The Doctor gave a sad little smile. Spread his hands to indicate the lab around them, the broken TARDIS. “Take a look, Jo. I rather think it has.”

“But that’s not your fault!” Jo insisted. “That’s all down to the other Time Lords.” She frowned. “Bit of an odd punishment though, if they didn’t want you to chase after humans. Sticking you on a planet full of us, I mean. Must be like getting stranded at a buffet.”

Anger lightning-flashed in the Doctor’s eyes and he stood abruptly, the legs of his chair scraping back harsh against the floor. “Josephine Grant, if you think so little of me that I would endanger my friends by giving the Time Lords an excuse to repeat what they did to—” His voice didn’t quite crack on the beginning of the name, but the shape of it caught in his throat and he wheeled away from her, bracing himself against the countertop and breathing heavily.

He expected her to rush to his side and torpedo him with a barrage of questions and concerns, but there was only silence, and then some rustling and clinking as she stood up and moved about. A few minutes later there was a cup of tea at his right hand, and a small, heavily ringed hand resting against his back. A soft head of shaggy blonde hair resting against his shoulder. Her breaths keeping time with his.

They never discussed the matter again.

xxxxx

“That was…”

Sarah Jane breathed out the words against the Doctor’s neck, ruffling the dark curls by his ear. Making him shiver as the air evaporated the sweat off his bare skin. She was draped over him like a blanket and didn’t think she’d ever want to untangle her legs from his, or stop the lazy roving of her right hand’s fingers through his sparse chest hair. 

“..that was fantastic,” she finished with a contented sigh.

“I know.” She loved the soft rumble of his after-sex voice, the way his dark chocolate tones dropped even deeper and richer. “You were rather marvelous as well.”

“Not half smug, are you?” She nipped him lightly in reproof, smirking against his skin as she heard his hearts speed up in response, as she felt a familiar hardness press against her thigh.

“Sarah…” he warned, a warmth and a mischief humming through his growl as he pinched her arse in retaliation. “You know we shouldn’t again.
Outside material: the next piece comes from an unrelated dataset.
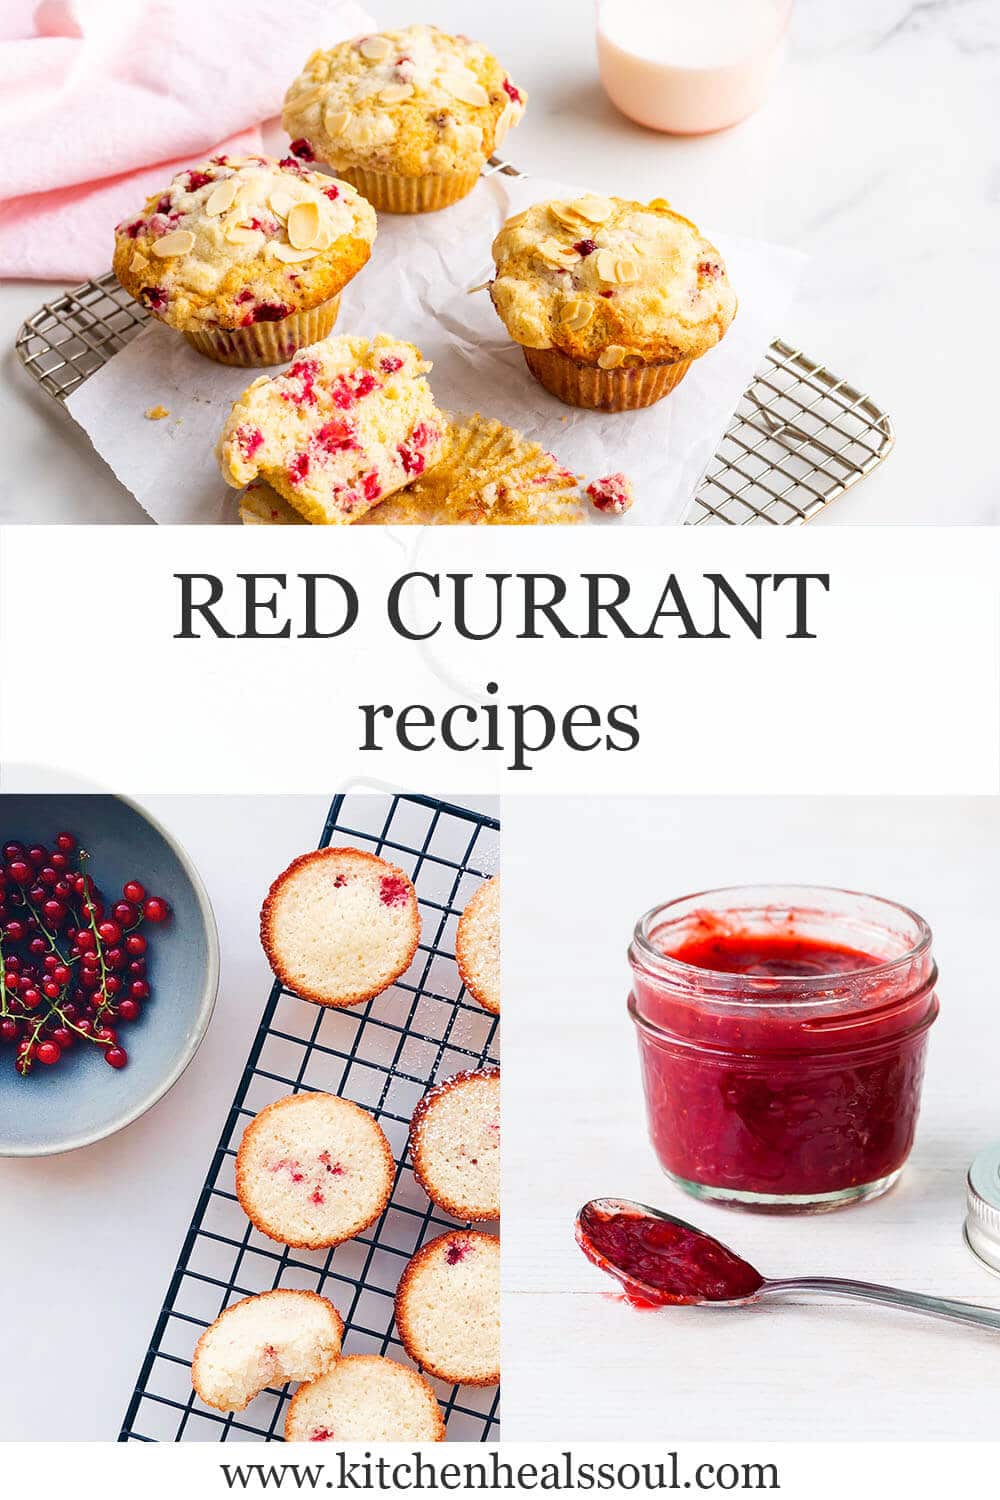 What to bake with fresh currants

Not yet.”

She stacked her hands on his collarbone and propped her chin up on them. “Why bloody not?”

“Because it’s dangerous enough as it is, and…I worry. About you.”

“I worry about you as well, but we haven’t run into any other Time Lords in sodding _ages_ ,” she argued. “Not since that business on Skaro. And we’d shagged not two days before that, and they didn’t sense any human pheromones on you, or notice any of those mental fingerprints you said you’d be leaving on my mind. I say we chance it.”

“The Time Lords needed me on Skaro.” He reached out, ran his fingers through her hair. “It’s possible they may have deliberately overlooked any evidence that they found it politic to ignore.” His mouth took on a bitter twist. “We do hypocrisy so very well.”

Sarah Jane traced an abstract design on his chest, hesitating over her next words. “How…much trouble would we be in, if they knew?”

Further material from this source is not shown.